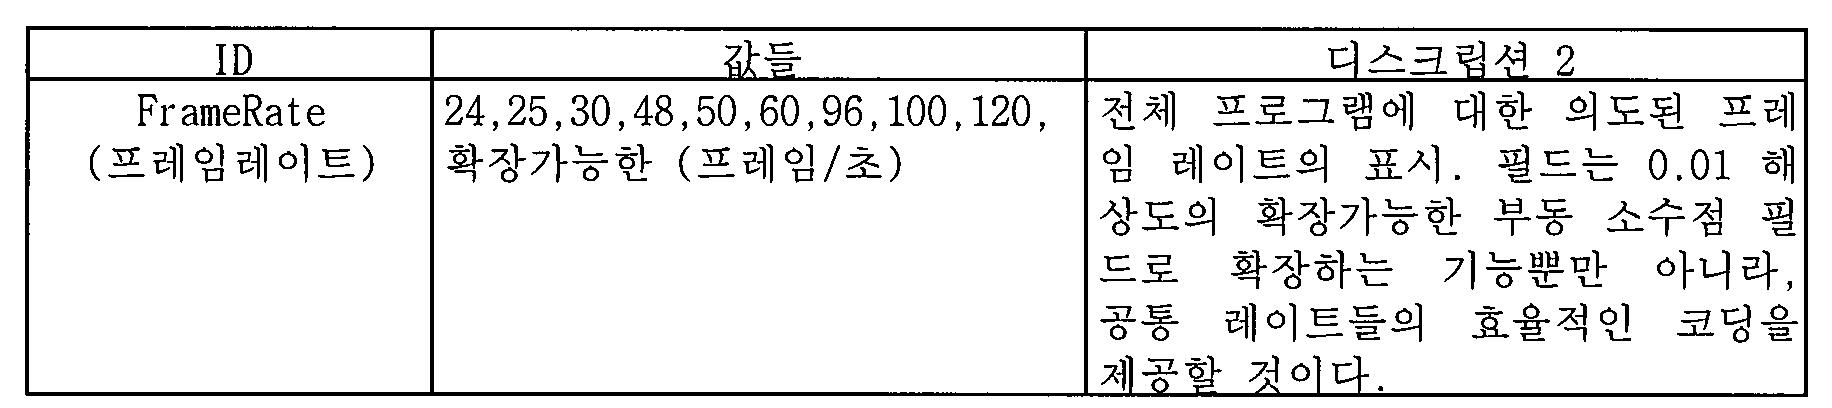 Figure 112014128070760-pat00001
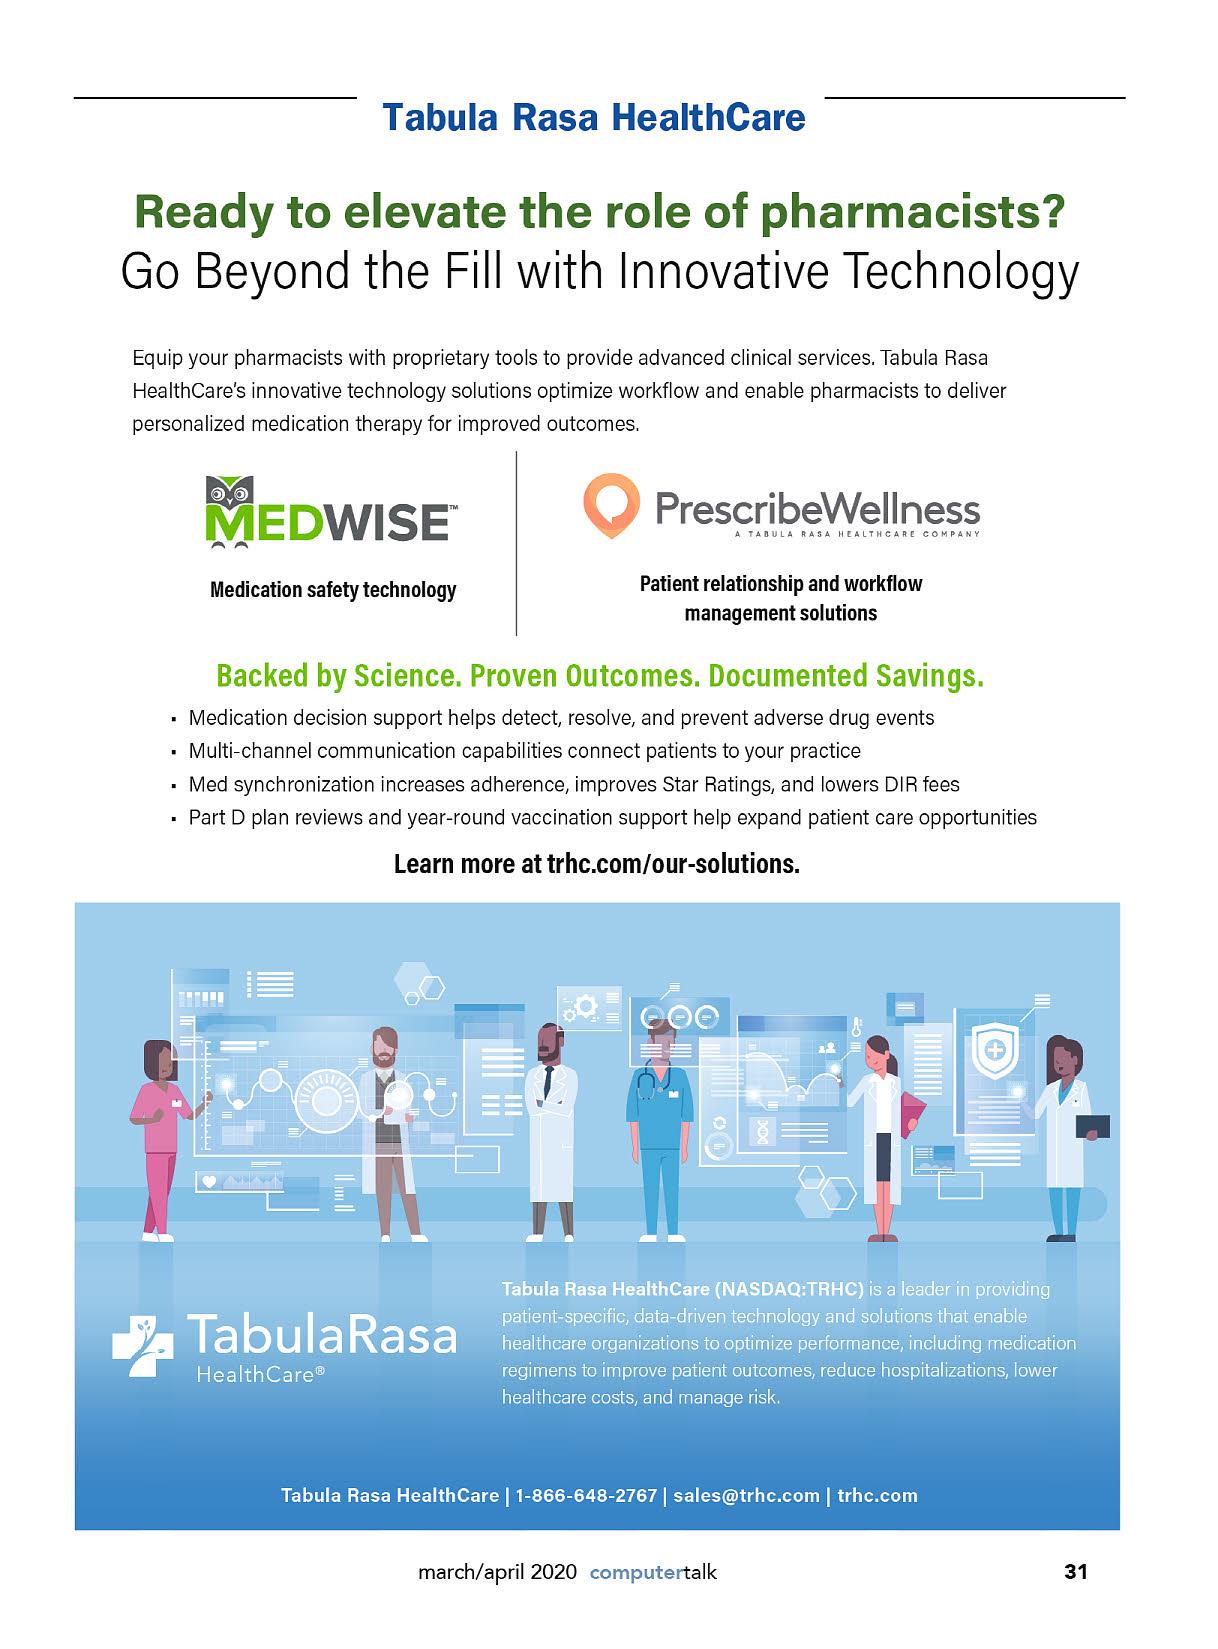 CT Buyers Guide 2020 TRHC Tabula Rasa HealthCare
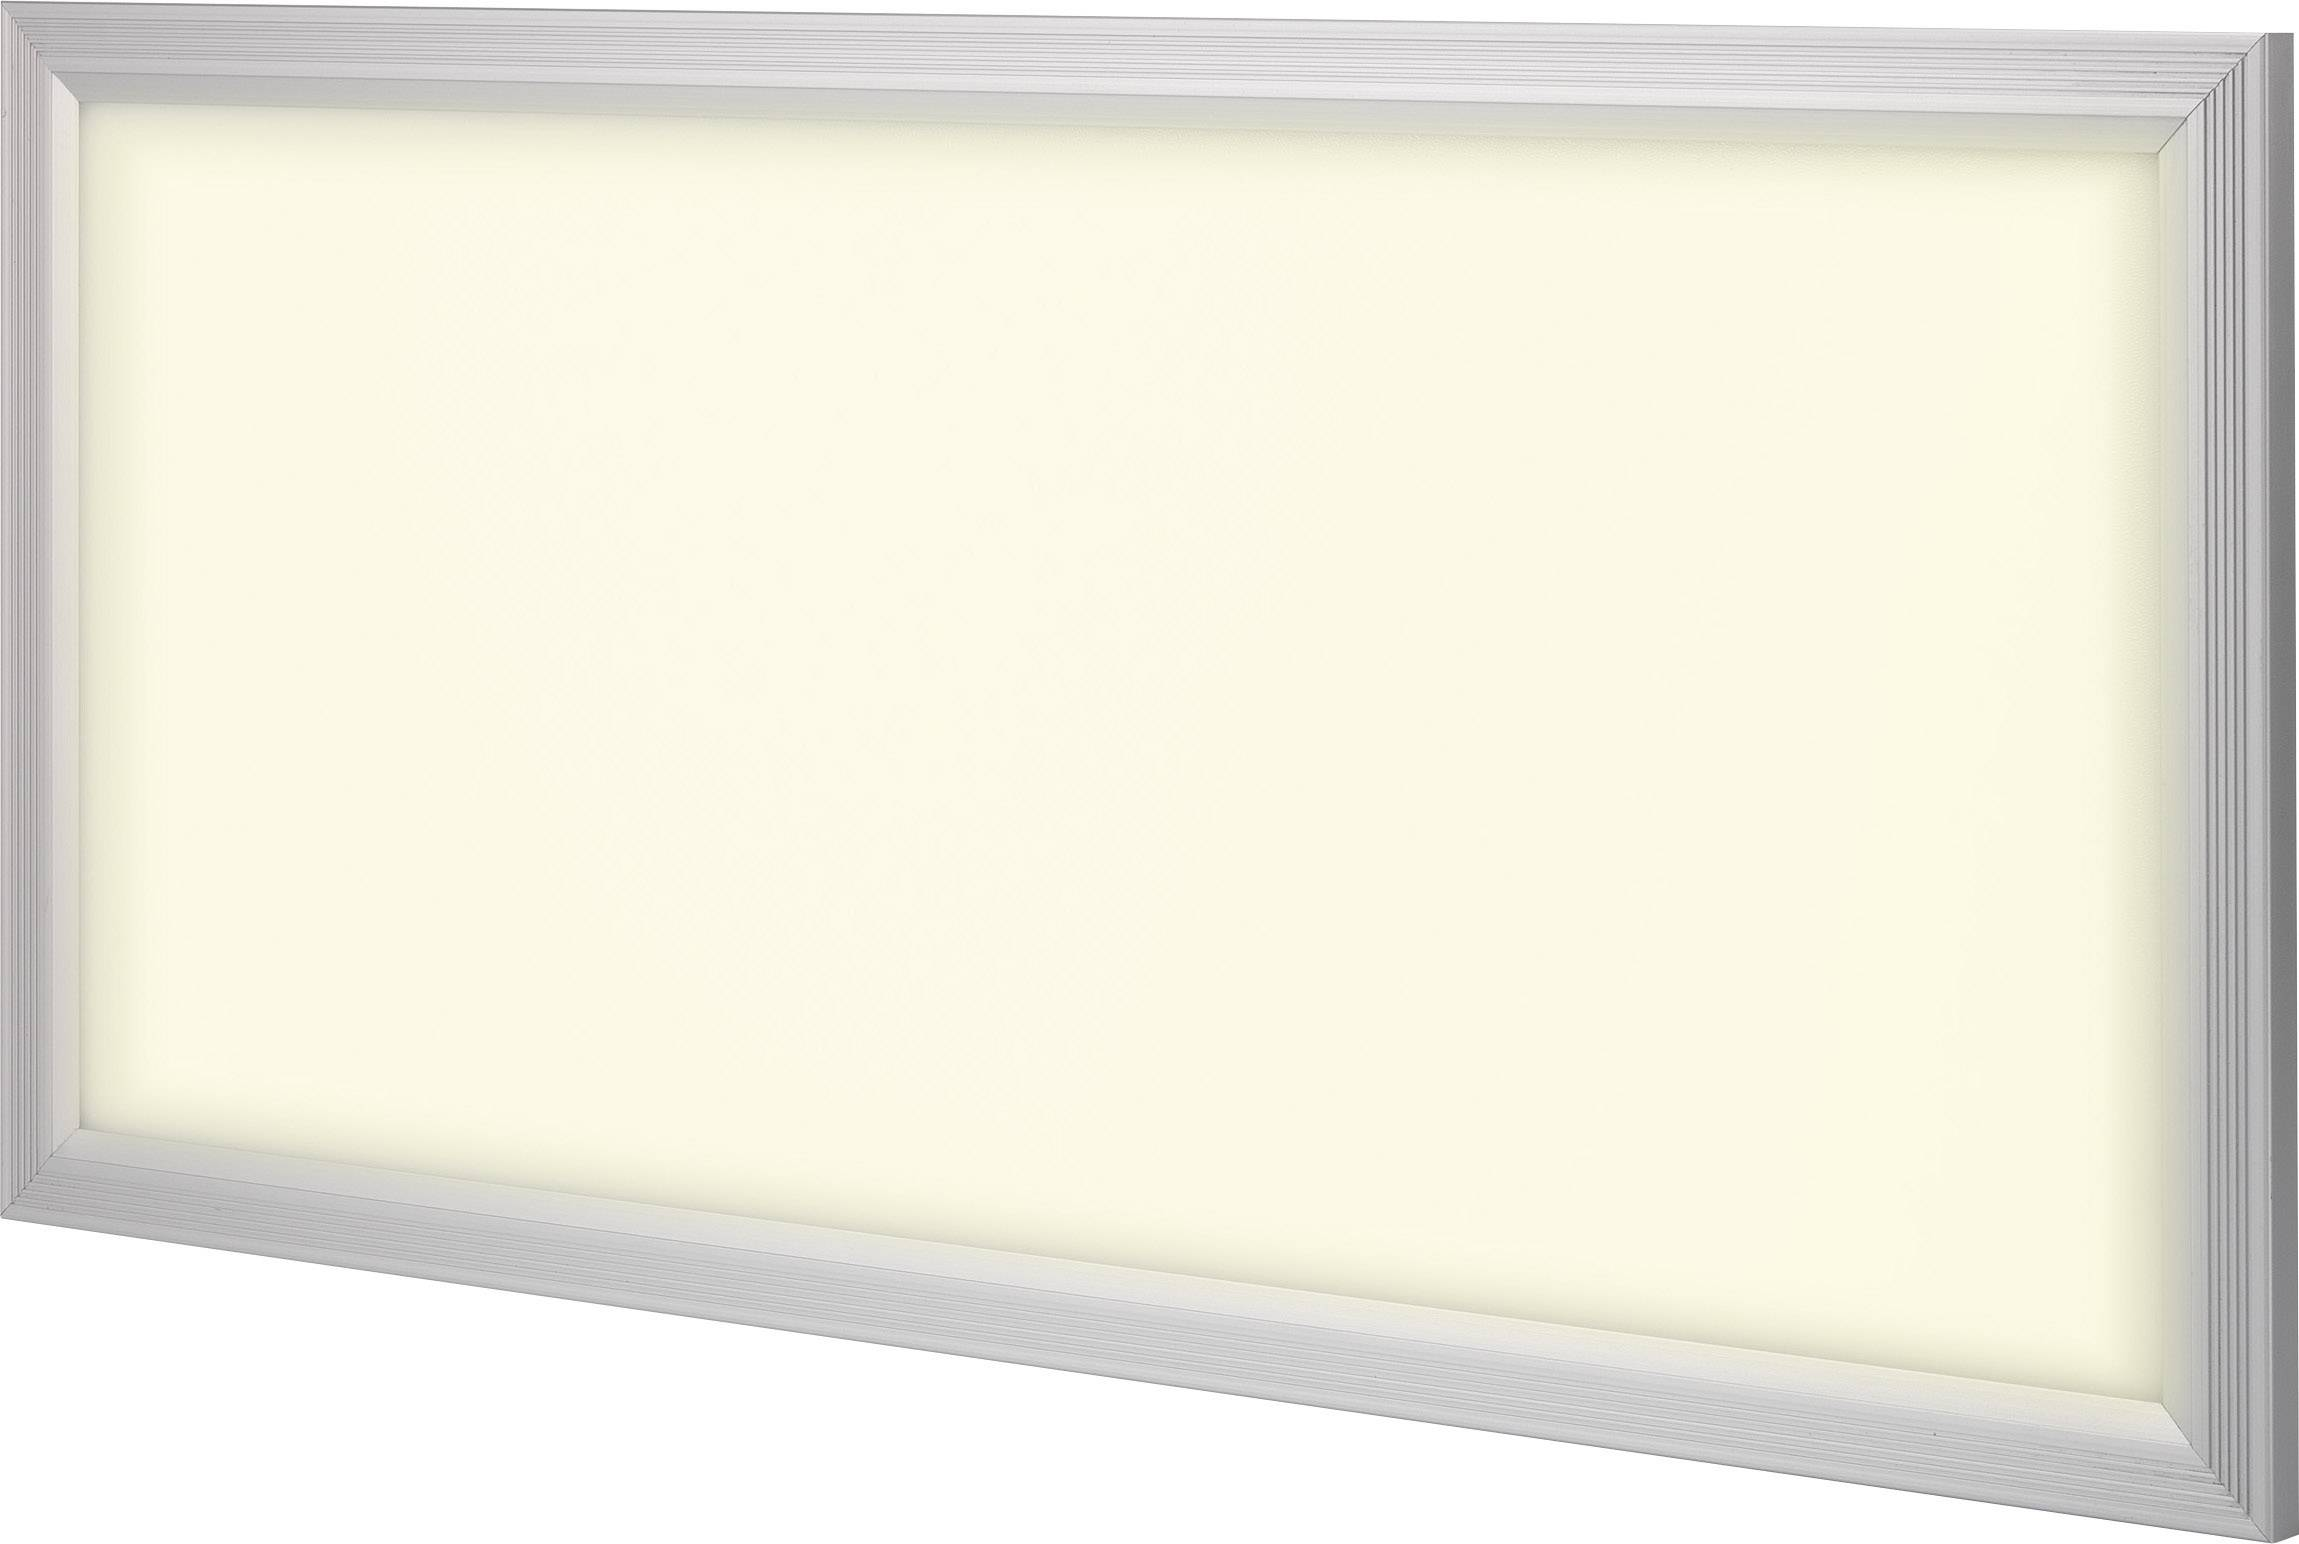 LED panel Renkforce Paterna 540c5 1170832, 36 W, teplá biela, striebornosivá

— THE PROBLEM —
When copying the material, leave every image behind and keep each line verbatim.

— ANSWER FOR THE TASK —
 Figure 112014128070760-pat00001
 CT Buyers Guide 2020 TRHC Tabula Rasa HealthCare
 LED panel Renkforce Paterna 540c5 1170832, 36 W, teplá biela, striebornosivá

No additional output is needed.